When WMATA considered reducing late night Metrorail service permanently, the public transit agency conducted a Civil Rights Act Title VI study to assess the effects of service cuts. According to journalist Maggie Farley at WAMU, “The study did conclude that reduction in late night service and fare increases would affect low-income riders and minorities disproportionately.”

The Brookings Institution found this to be a pronounced trend as low-income jobs move towards suburbs. In a 2015 study, Brookings researchers wrote, “61 percent of high-poverty tracts (with poverty rates above 20 percent) and 55 percent of majority-minority neighborhoods experienced declines in job proximity between 2000 and 2015.”

WMATA currently does not have a fare assistance program to help low-income riders afford public transportation, even though transit agencies such as TriMet in Portland, Oregon and King’s County Transit in Seattle, Washington provide reduced fare programs for low-income people.

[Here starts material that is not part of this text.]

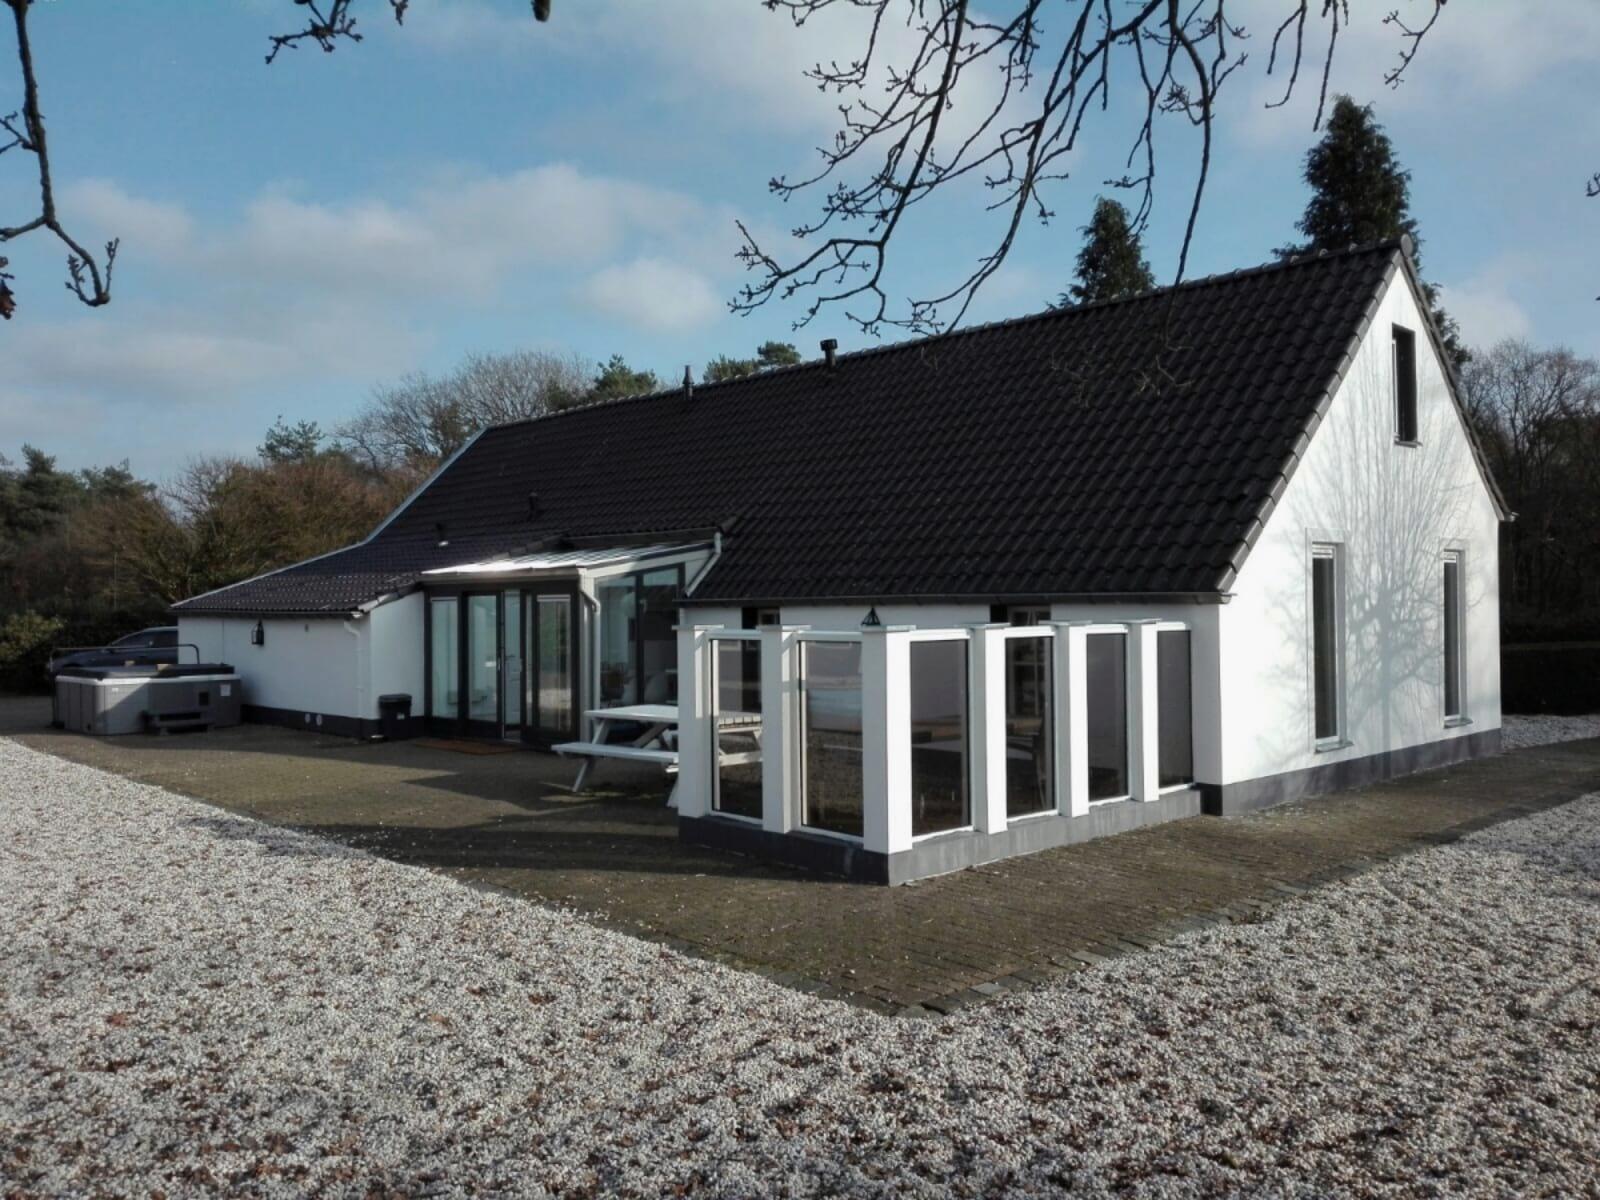 Supertrips - Luxe vakantiewoning Limburg met zwembad

Robert Puentes, the president of the Eno Center for Transportation, a non-partisan think tank, suggests that WMATA think outside the box to better serve riders. He noted the partnership between the Kansas City Area Transportation Authority (KCATA) and Bridj, an on-demand ride-hailing company similar to Uber or Lyft. Through the partnership, KCATA subsidizes riders to use ride-sharing, saving both riders and the Authority time and money. “There are so many innovations that are happening on the transportation side that there is no reason why this region should not be able to solve a range of different problems,” Puentes said.

The Board of Directors is incorporating feedback from the public to adjust the budget proposal before ultimately deciding to accept or reject the budget in March.